The scale of the bust had stunned everyone.
Tincan Island, already a theatre of intense maritime scrutiny, had suddenly become the centre of a transnational trafficking conversation.
For logistics operators, clearing agents, and maritime analysts, the interception signalled increasingly aggressive port oversight.
For Aguda beer-parlour economists, it raised simpler questions.
Chiboy leaned forward.
“Who fit even calculate that quantity?”
I replied calmly.
“Transnational criminal syndicates understand something many legal businesses ignore.”
The table paused.
“Systems.”
Even criminal networks rely on:
- coordination,
- logistics,
- supply chain discipline,
- financial planning.
That was the uncomfortable truth.
The same efficiency Nigeria struggles to institutionalise often appears effortlessly in illicit operations.
John sighed.
“Bad people always too organised.”
A disturbingly accurate observation.
Then came politics.
And once Lagos politics enters a Friday evening, no topic survives untouched.
The Lagos PDP had entered yet another dramatic internal conflict.
A factional disciplinary committee had announced the suspension of Chief Olabode George and 23 other prominent members over alleged anti-party activities.
That announcement had sent political observers into familiar Lagos confusion.
Chiboy laughed immediately.
“PDP no dey suspend people.
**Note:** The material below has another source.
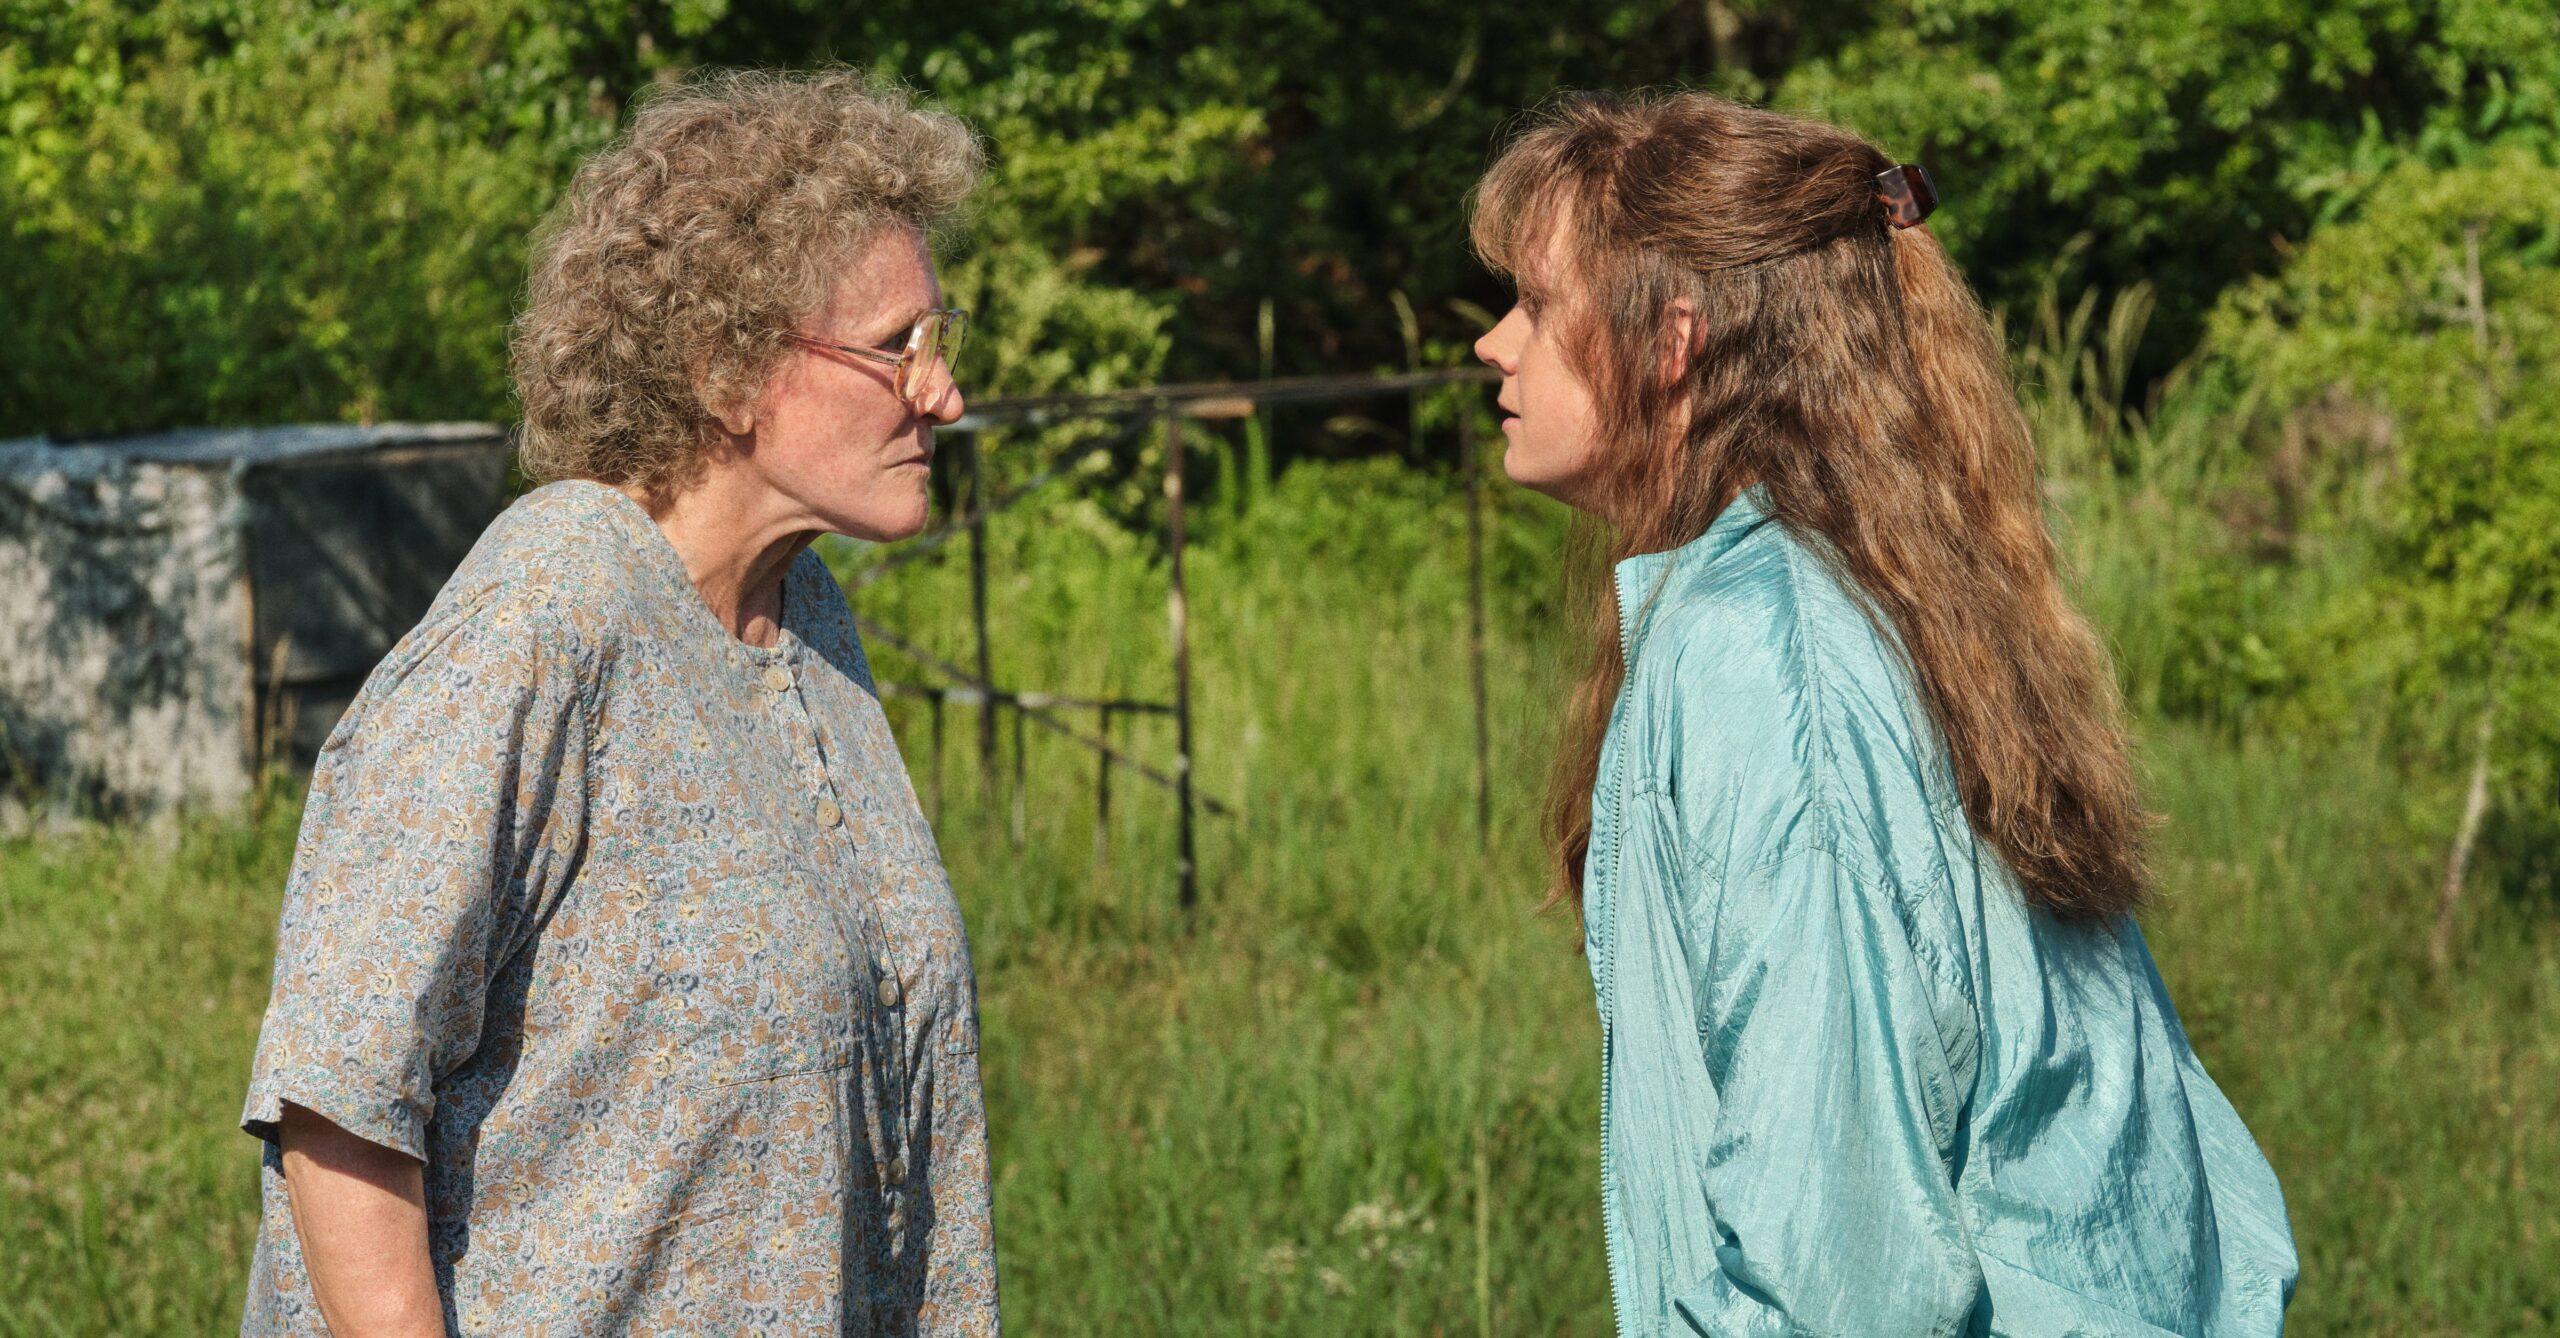 A imagem é uma cena do filme Era uma vez um sonho. Nela, estão as personagens Mamaw e Bev em um gramado, uma encarando a outra. À esquerda, está Mamaw, interpretada por Glenn Close. Ela é uma mulher branca, de cabelos grisalhos e cacheados; ela usa um óculos e está com uma camiseta larga com estampa nas cores azul e bege. À direita, está Bev, interpretada por Amy Adams. Ela é uma mulher branca, de cabelos ruivos compridos; ela veste um agasalho azul-claro.

Dem dey suspend themselves.”
The beer parlour nearly collapsed.
John added quickly:
“Every month, fresh suspension package.”
Again, painful accuracy.
The PDP’s Lagos chapter has spent so much time reorganising itself that many observers now regard internal conflict as part of its operational model.
I leaned forward.
“The significance,” I explained, “is structural.”
This was not merely disciplinary drama.
It represented a direct challenge to long-established power arrangements on the Mainland.
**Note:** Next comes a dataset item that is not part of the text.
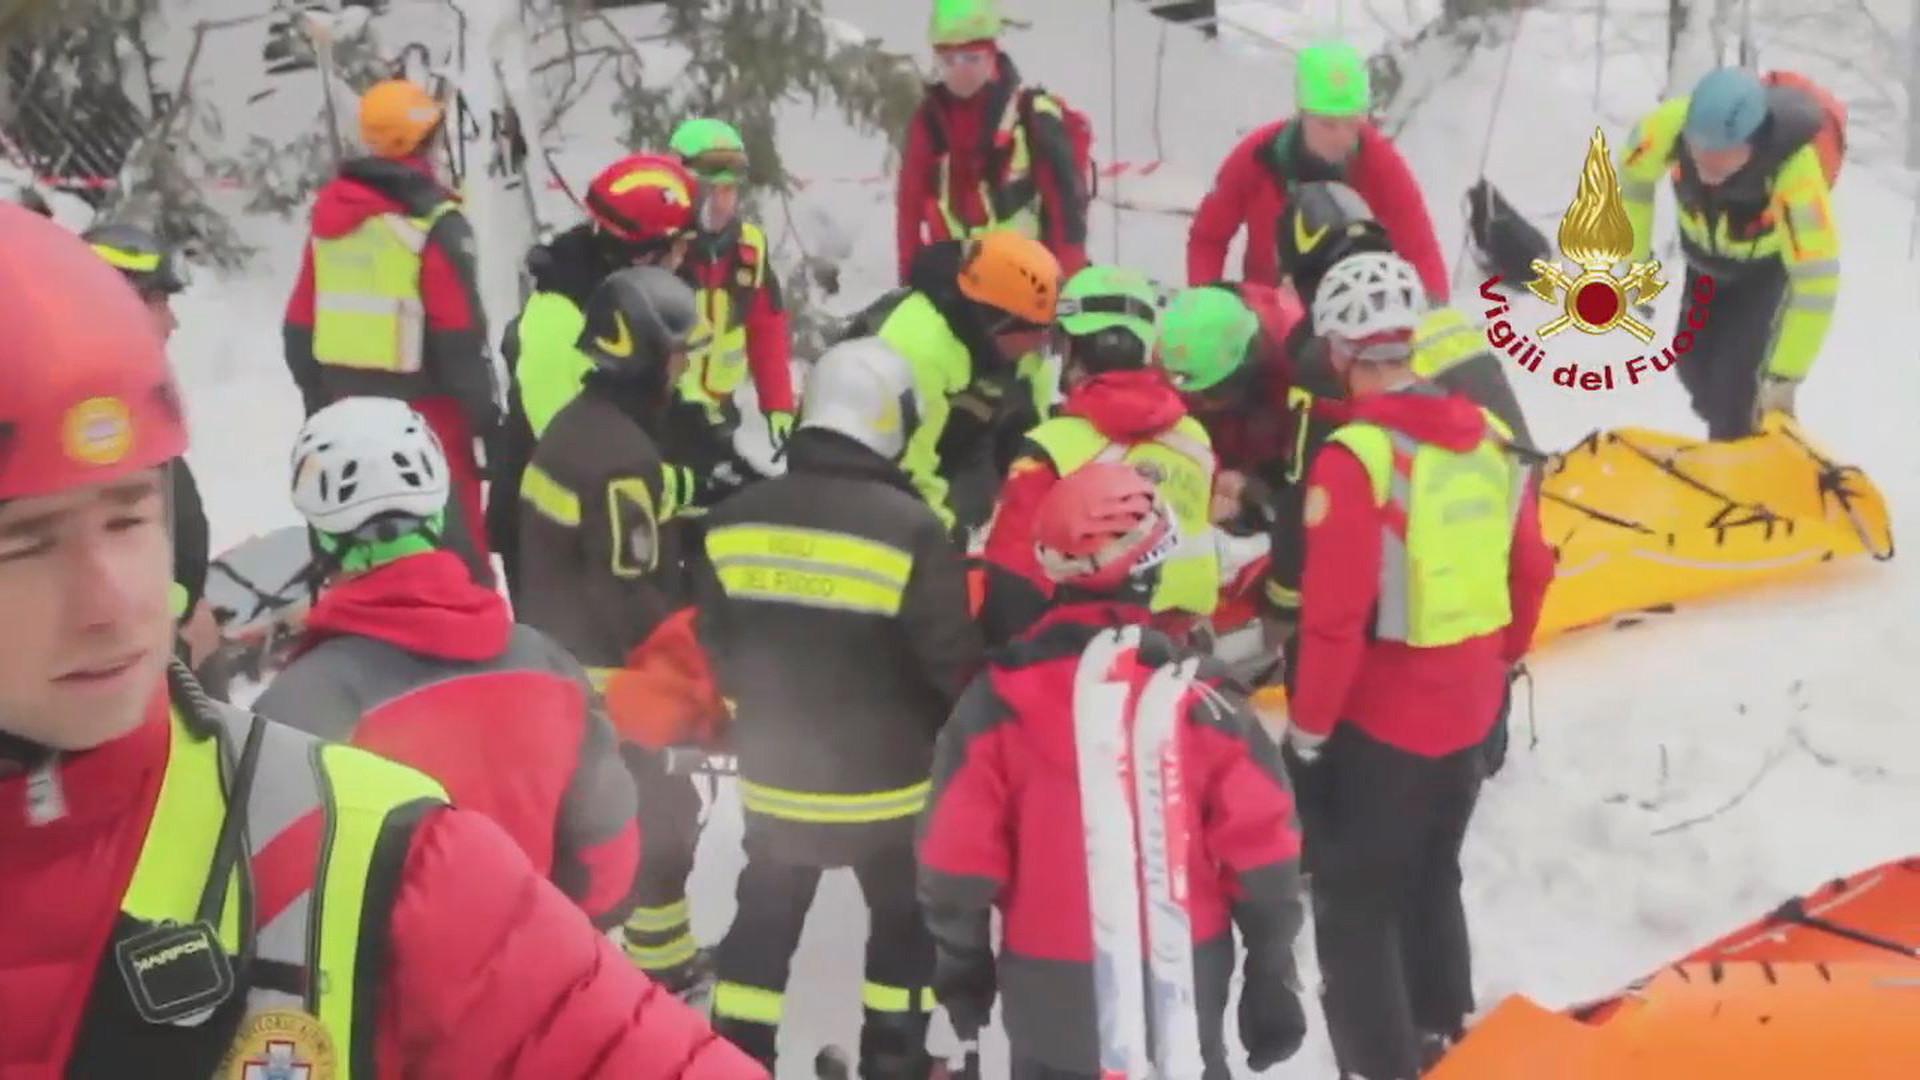 Italie : trois nouveaux survivants extirpés de l'hôtel détruit par une avalanche

And in Lagos politics, structure is everything.
When long-standing centres of influence become contested, it signals deeper realignment.
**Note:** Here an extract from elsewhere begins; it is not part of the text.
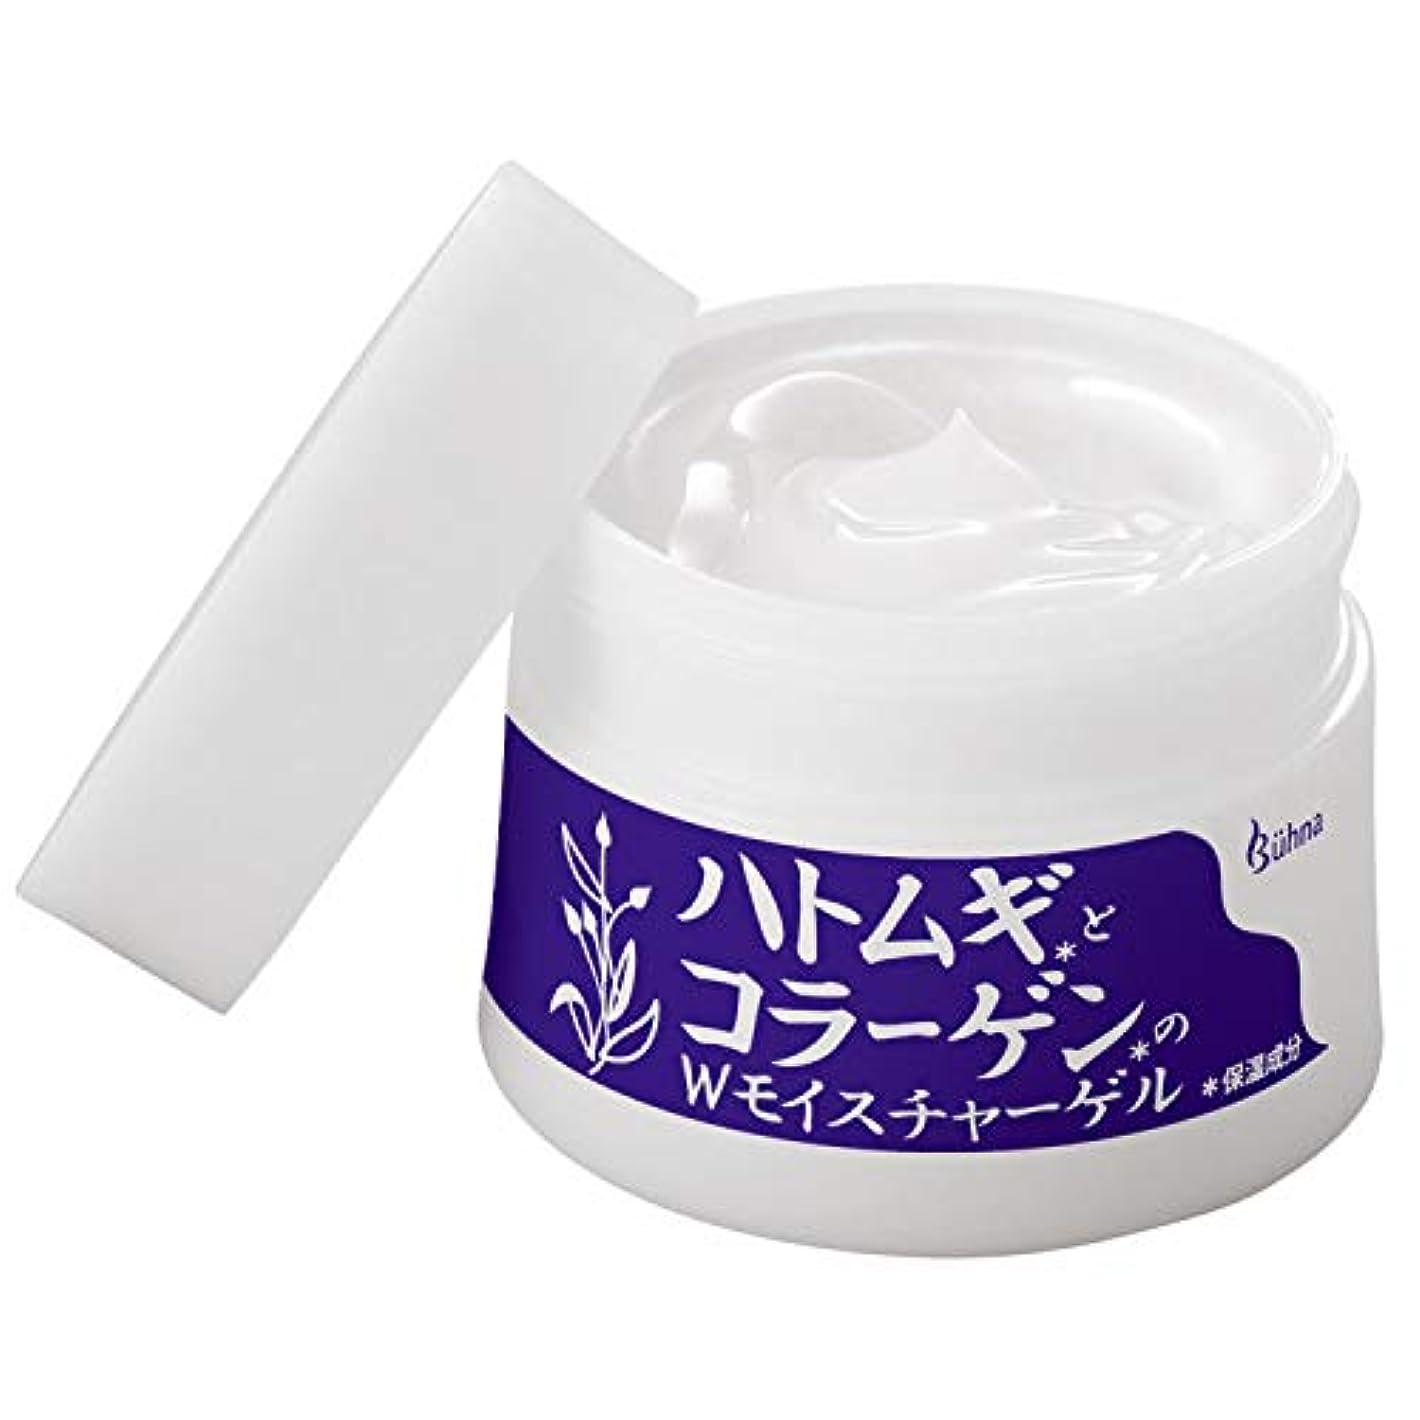 難しい応援する操作可能ビューナ ハトムギとコラーゲンのWモイスチャーゲル150g 保湿 オールインワン 美容液 化粧水 乳液

John frowned thoughtfully.
“So na internal flood?”
That line deserved immediate preservation.
“Yes,” I said. “Political flooding.”
Because just like rainfall, internal political pressure reveals weak foundations.
Chiboy grinned mischievously.
“This week everybody collect warning:
Lagos from rain.
Drug people from NDLEA.
PDP people from suspension letter.”
And perhaps he was right.
The week had become one long cautionary tale.
Nature was warning the careless.
Security agencies were warning traffickers.
Party factions were warning rivals.
Everywhere one looked, systems were testing limits.
Then Mama Love interrupted dramatically.
“Speaking of warning… who block my drainage with pepper soup nylon?”
Silence.
Collective guilt descended.
The beer parlour instantly looked less philosophical.
There, beside the canteen, sat a struggling drainage channel carrying enough debris to qualify for federal intervention.
Chiboy pointed immediately.
“Mama Love, no blame customers. Your gutter need environmental committee.”
The table erupted.
Even Mama Love laughed reluctantly.
As always, satire had accidentally exposed local hypocrisy.
Everybody wants cleaner Lagos.
Everybody condemns environmental indiscipline.
Yet somehow, every clogged gutter belongs to “someone else.”
John shook his head.
“Na funny city. We dey debate flood while sitting beside flood source.”
That was Lagos in one sentence.
As the evening ended, light drizzle began again.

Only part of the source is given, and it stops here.